On peut avoir, tout ensemble, un air sérieux dans l’esprit, et dire souvent des choses agréables et enjouées ; cette sorte d’esprit convient à toutes personnes et à tous les âges de la vie. Les jeunes gens ont d’ordinaire l’esprit enjoué et moqueur, sans l’avoir sérieux, et c’est ce qui les rend souvent incommodes. Rien n’est plus malaisé[2] à soutenir que le dessein d’être toujours plaisant, et les applaudissements qu’on reçoit quelquefois en divertissant les autres ne valent pas que l’on s’expose à la honte de les ennuyer souvent, quand ils sont de méchante humeur.

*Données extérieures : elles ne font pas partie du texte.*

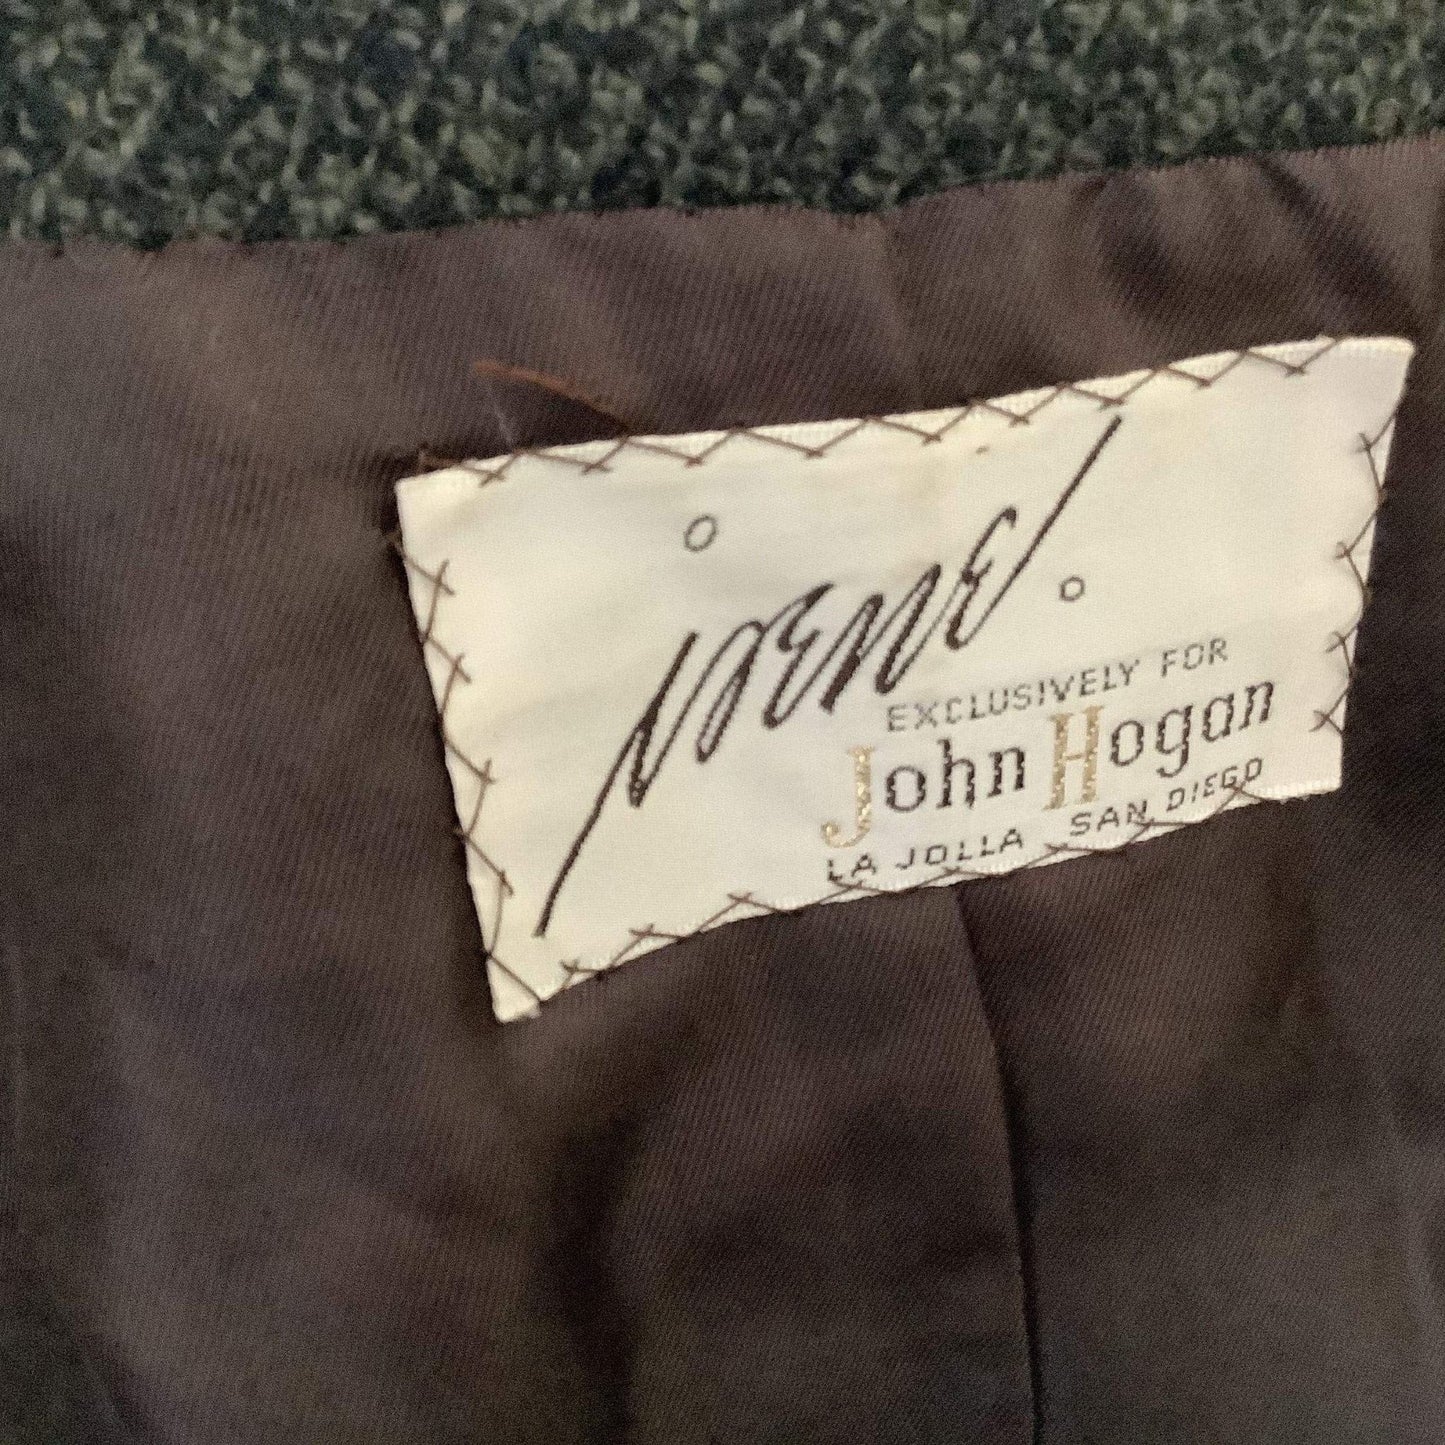 Vintage John Hogan Jacket Small / Gray / Vintage 1980s

La moquerie est une des plus agréables et des plus dangereuses[3] qualités de l’esprit : elle plaît toujours, quand elle est délicate ; mais on craint toujours aussi[4] ceux qui s’en servent trop souvent[5]. La moquerie peut néanmoins être permise, quand elle n’est mêlée d’au
- ↑ « Dans tout ce qui les regarde. » (Édition de 1731 et suivantes.)
- ↑ Il y a malaise, comme au manuscrit, dans l’édition de 1731 et dans celle de Brotier. Les suivantes, y compris celle de Duplessis, donnent aisé, ce qui est tout juste le contraire de la pensée de l’auteur.
- ↑ Témoin deux célèbres contemporains et amis de la Rochefoucauld, Bussy Rabutin et Saint-Évremond.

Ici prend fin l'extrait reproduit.